- Born: October 17, 1925 Pöcking
- Died: June 3, 1995 (aged 69) Graz
- Education: Ludwig-Maximilians-Universität München
- Scientific career
- Workplaces: Free University of Berlin; University of Graz
- Thesis: On holarctic lobate Lecanora species
- Doctoral advisors: Karl Suessenguth
- Doctoral students: Burghard Hein
- Author abbrev. (botany): Poelt

= Josef Poelt =

German-Austrian academic botanist, bryologist and lichenologist

Josef Poelt was a botanist, bryologist and lichenologist. He held the chair in Systematic Botany and Plant Geography at the Free University of Berlin (1965–1972) and then was head of the Botanical Institute and Botanical Garden of Graz University, Austria (1972–1990).

==Early life and education==
Josef Poelt was born in 1925 in the village of Pöcking in Bavaria, Germany, where his parents ran a guest house. He began to study botany at the Ludwig-Maximilians-Universität München, but he joined the German army and was assigned to an intelligence unit in Russia due to the start of the Second World War. After illness and time as a prisoner of war of the British, he returned to university study in 1946 and graduated with a bachelor's degree in natural sciences in 1950. Poelt was influenced by a botanist, H. Paul, to study non-flowering plants. He made use of the lichen herbarium at the university's botanic garden which contained nineteenth century specimens collected by Ferdinand Arnold and August von Krempelhuber. He later completed both his PhD (1950) and habilitation (1959) there.

==Career==
He became an assistant at the botanic garden in Munich and from 1954 was curator of the cryptogam herbarium at the Botanische Staatssammlung München. In 1965, Poelt was appointed to the chair in Systematic Botany and Plant Geography at the Free University of Berlin to lead a new research institute. He was able to recruit staff, including Christian Leuckert, and install new facilities including for chemotaxonomy of lichens. He moved to the chair in Systematic Botany at the University of Graz in Austria in 1972. This was in part to be away from student unrest in Berlin. He was able to develop an international centre for cryptogam biology that included visiting researchers, an extensive herbarium and training programmes. He retired in 1990 but continued to work at University of Graz as an emeritus professor until his death in 1995.

Poelt specialised in the taxonomy, morphology, evolution and biology of lichens, especially the areas of lichen biology, correlations between structure and function, and evolutionary trends in lichens. His work from 1950 onwards provided modern, detailed and practical descriptions of lichen species. As well as microscopic features he also made use of chemical characteristics to circumscribe species. He made a significant contribution to the taxonomy of the Lecanoraceae, Physciaceae and the Teloschistaceae, as well as several other taxa. He also provided insights into the vegetative reproductive structures of lichens, described lichens that live on mosses (muscicolous species) and investigated species with cyanobacteria photobionts. He improved knowledge of parasitic lichens from that of vague and poorly understood organisms to where their biological and ecological strategies and characters were described clearly, and he identified many new taxa with this parasitic habit. Others often sent him samples of lichens for advice about identification. He also travelled widely to see lichens in the field, including to Brazil, Costa Rica, Greenland, Tierra del Fuego, Pakistan, Afghanistan and Nepal as well as all round Europe. In addition he had a very broad knowledge of general plant systematics and floristics.

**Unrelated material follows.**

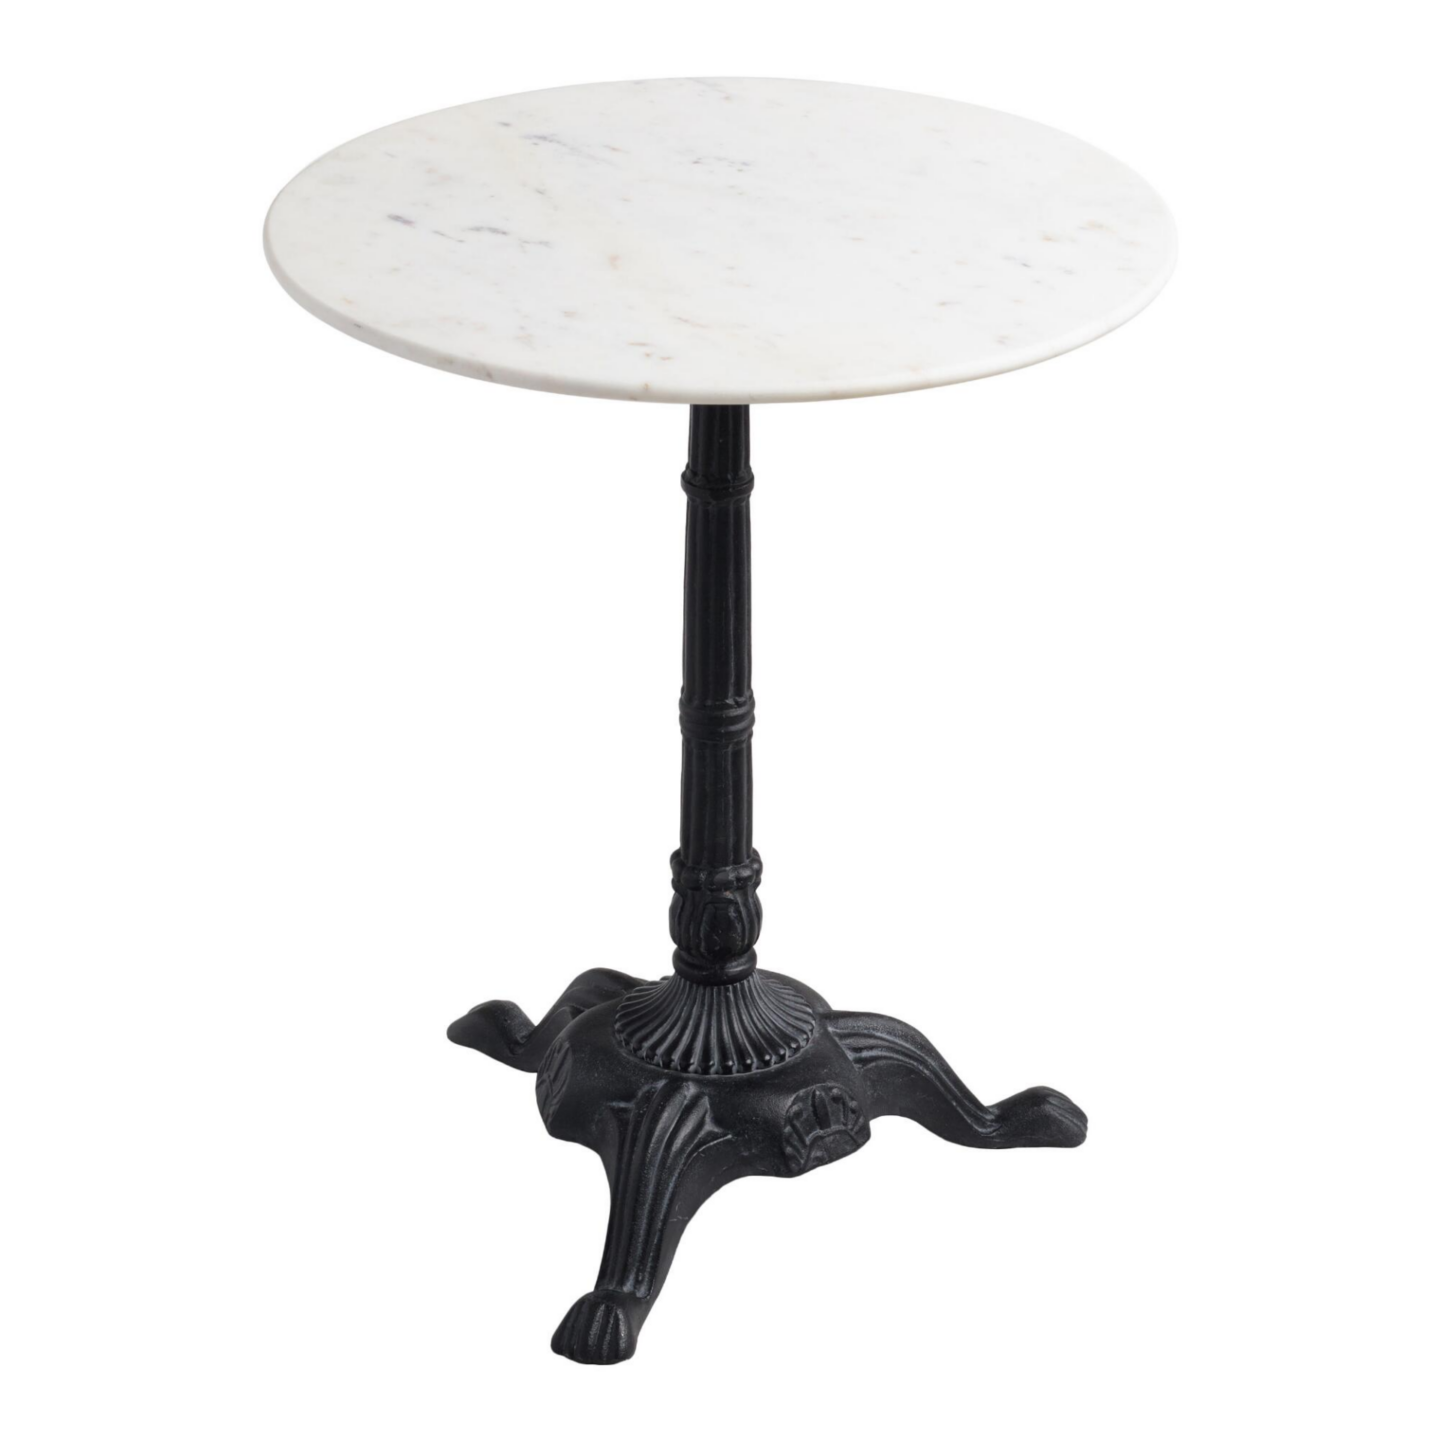 Round White Marble And Black Metal Bistro Accent Table - World Market. #frenchbistro #bistrotables #marbletop

Poelt edited and co-edited eleven exsiccatae. In 1956 he started the edition of his first series Lichenes Alpium et regionum confinium distributed by the Botanische Staatssammlung München. It was followed by a number of exsiccatae distributed through the University of Graz, among them, starting in 1977, the series Reliquiae Petrakianae with plant material collected by Franz Petrak.

==Publications==
Poelt published his first paper in 1950, and was an author or co-author of at least 400 publications. These included around 200 about lichens. The book Bestimmungsschlüssel europäischer Flechten was published in 1969, an important key for identification of European lichens, followed by several supplements (1977, 1981) that he prepared in collaboration with others. His completion of a comprehensive account of the lichens of Austria was prevented by his sudden death. He was also the author or co-author of at least 100 publications on bryophytes, vascular plants and fungi.

==Honours and awards==
He was elected as a member of the Bavarian Academy of Sciences in 1982. He was made an honorary member of the Regensburg Botanical Society, the world's oldest botanical society and a foreign member of the Linnean Society of London. He was also an honorary corresponding member of the Botanical Society of America. A festschrift was held to celebrate his birthday in 1985 when he was sixty. In 1992 he was awarded the Acharius Medal by the International Association for Lichenology in recognition of his long and distinguished service to lichenology.

Eight genera, including Poeltiaria, Poeltidea and the anagram Topelia, and 33 species have been named after him.

==Personal life==
He married the mycologist Christa Meilhamer (1937–76) in 1959 and they had two children together. Poelt was an alpine mountaineer and good at yodelling.